I think of Coletta’s children, of my friends Cliff and Tony and Beatrice and so many others I have met. Are there nights that they simply long for someone to hold them tight and whisper words of love and encouragement to them? Are there nights where they cry alone in their beds because there is no other acceptable way to let out their emotions? I am thinking probably so. Again, because of the cultural norms, I’m not sure how much at this point I can actually hug and hold those kids. But like my mom, I’m praying that God will give me the opportunities to be His arms around others, whether I can actually touch them or not.
I read a quote today by Mother Teresa that said this,
“Christ has no body on earth but yours,
no hands but yours,
no feet but yours.
Yours are the eyes through which
Christ’s compassions for the world is to look out;
yours are the feet with which He is to go about doing good;
and yours are the hands with which He is to bless us now.”
I’m praying that God will use the experiences I am having here to teach me how better to be His body, His hands, His feet, His eyes.
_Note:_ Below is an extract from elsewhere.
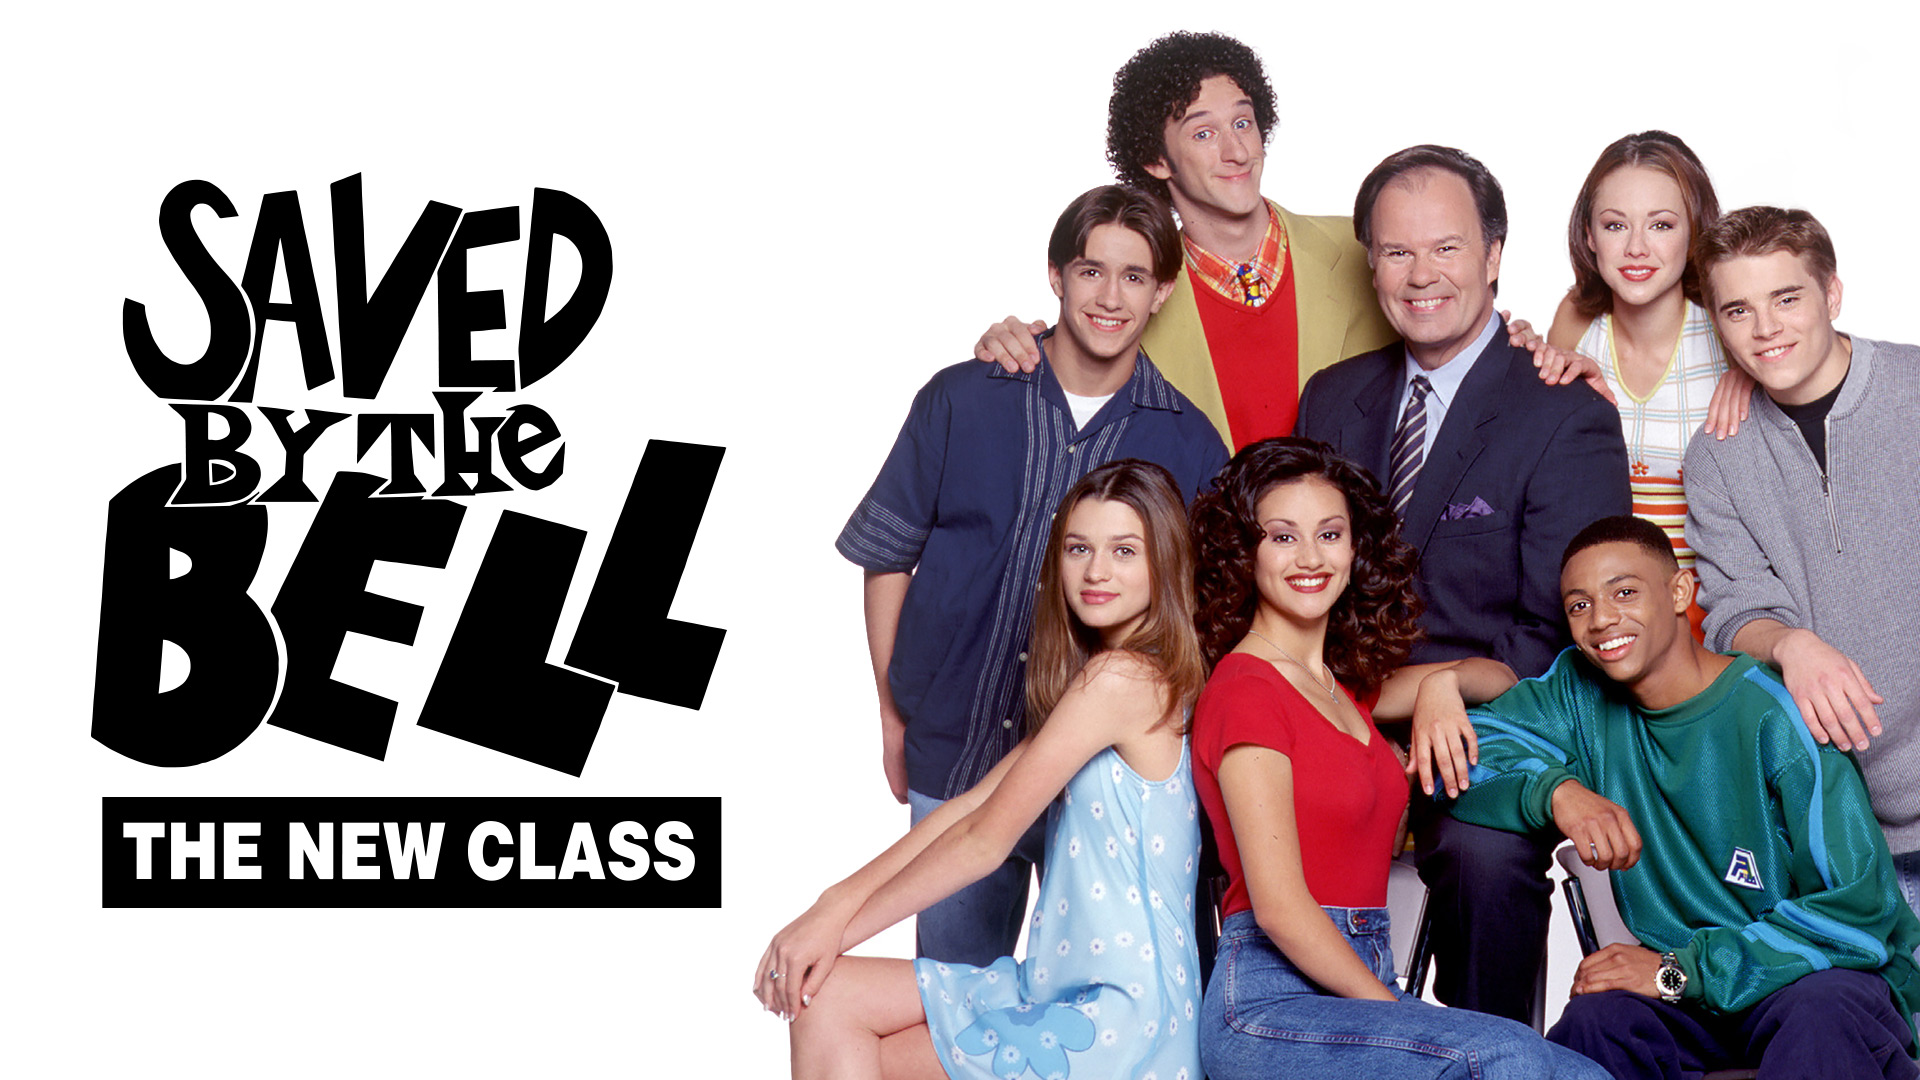 Saved by the Bell: The New Class Season 2 Episodes at NBC.com

Realization Number Three: I’m tired of being white in Kenya. That might sound a bit silly and I’ll admit that I wrote it, re-read it and then smiled. But it’s true. I had a super frustrating experience in which I found I tend to be regarded in one of two ways in Kenya: either they are interested in me because of the perceived money I represent, or because of the posterity involved with having contact with a mzungu. Both are equally tiring. It is exhausting to constantly be asked for money from people on the street, and it’s just as hard to know when I walk into a school or organization, that instantly hopes are raised that I might be able to help them financially. Shoving money at people is not the answer to the problems in Africa, I’m convinced of that. And of all the things I have to offer, honestly, money is nowhere close to the top of the list. But often it feels like that is the only thing people want from me, the only thing they think I have to give.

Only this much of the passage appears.